Linux – List of all the users that logged in using GUI or Command Line

bashlinuxUbuntuubuntu 12.04

I need to calculate the total time that a specific user stay logged in per day. And stop user using the computer more than the time allowed by shutting down the system.

uptime cannot be used since this is a multiuser computer

last command is not doing the job, because, as I observed, it only store data of users who run the terminal. If a user logged in using GUI and continue to use the computer without running the terminal an entry is not written to /var/log/wtmp.

Is there a way to find the information I need?
I am using Ubuntu 12.04 LTS

Best Answer

who (using /var/run/utmp) should work if the user is logged in via X, too.

Then you can run this script via /etc/crontab every minute. What it does:

  • loop over all users ($u) currently logged in
  • increments the number in /var/log/accounting-$u -- as this is done every minute, the file stores the total time the user $u is logged in so far.
  • check if $u has reached the limit ($allowedtime), here 60 minutes. If so, shutdown the system or whatever. 5 minutes earlier only send a warning (courtesy of @terdon).
  • finally if the user $u wasn't seen for the last 24 hours, delete /var/log/accounting-$u and the game can start from the beginning.

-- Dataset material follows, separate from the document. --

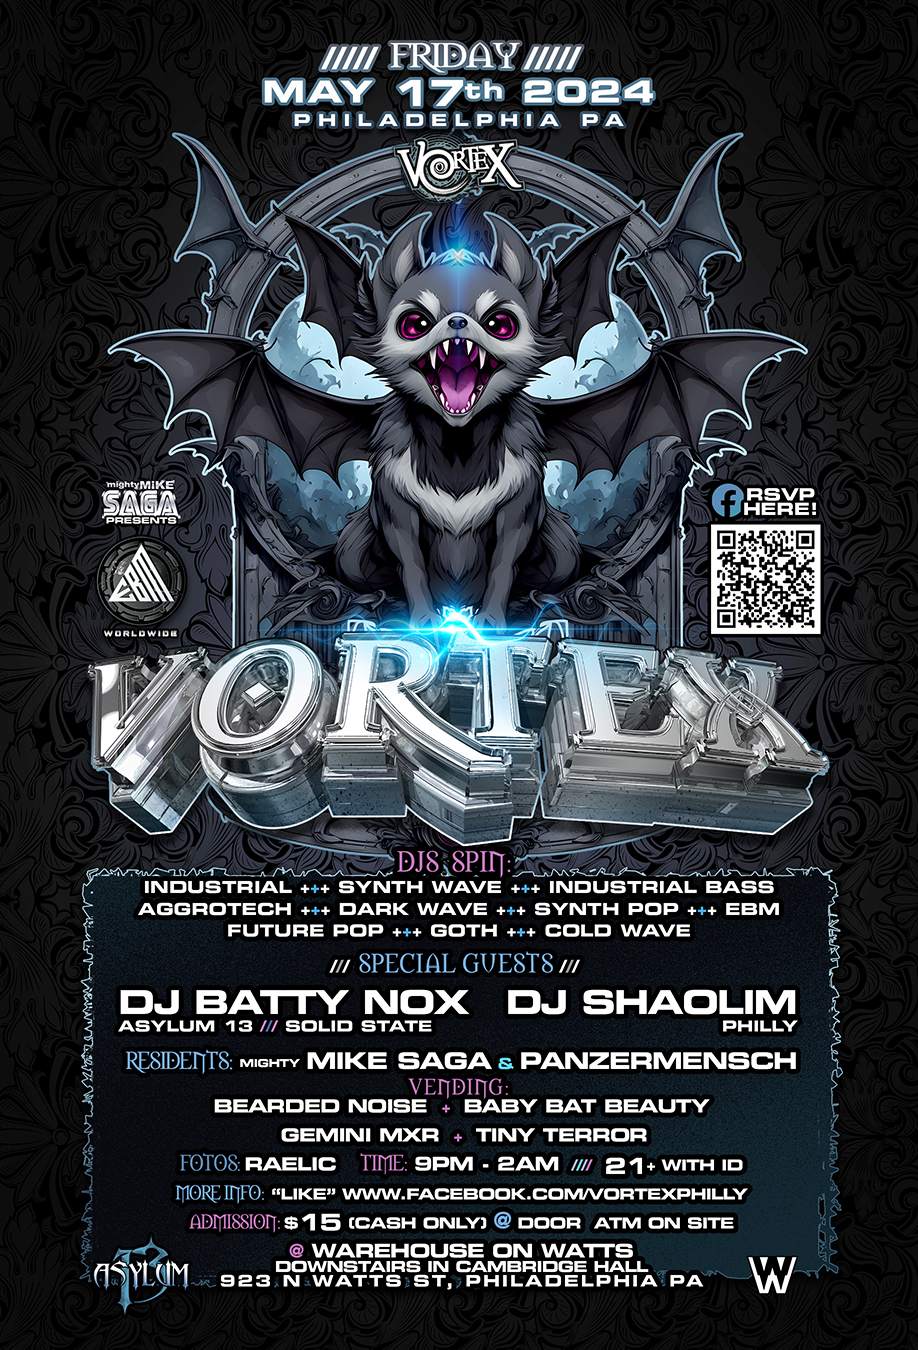 VORTEX! Goth Industrial Dark Wave CyberPunk Club Night Fri May 17th - Página frontal

As I mentioned in a comment, I don't think shutting down the system is not such a good idea. Especially with this script, because if a user logs in again while the 24 hours aren't over yet, the shutdown action will be triggered after less than a minute (when the cron starts accounting.sh the next time).


accounting.sh

#!/bin/bash

accountinglogprefix=/var/log/accounting-
allowedtime=60

for u in $(who | cut -d " " -f 1 | sort | uniq); do

  if [[ -e ${accountinglogprefix}${u} ]]; then
    consumed=$(cat ${accountinglogprefix}${u})
  else
    consumed=0
  fi
  echo -n $(( consumed + 1 )) > ${accountinglogprefix}${u}

  if [[ $consumed -gt $allowedtime ]]; then 
    # time is over, do whatever you want
    echo "Shutting down..."
  elif [[ $consumed -gt $(( allowedtime - 5 )) ]]; then
    # notify the user $u that his time is over in 5 minutes with a suitable command
    echo "Time's up! Shutting down in 5 minutes..."
  fi

  # check if e.g. 24h have passed since the user was last seen
  if [[ $(( $(date +%s ) - $(stat -c %Y ${accountinglogprefix}${u}) )) -gt $(( 24 * 3600 )) ]]; then
    rm ${accountinglogprefix}${u}
  fi

done

Note: This is not a fully mature script (i.e. ready for copy & paste) -- it should just demonstrate a different approach.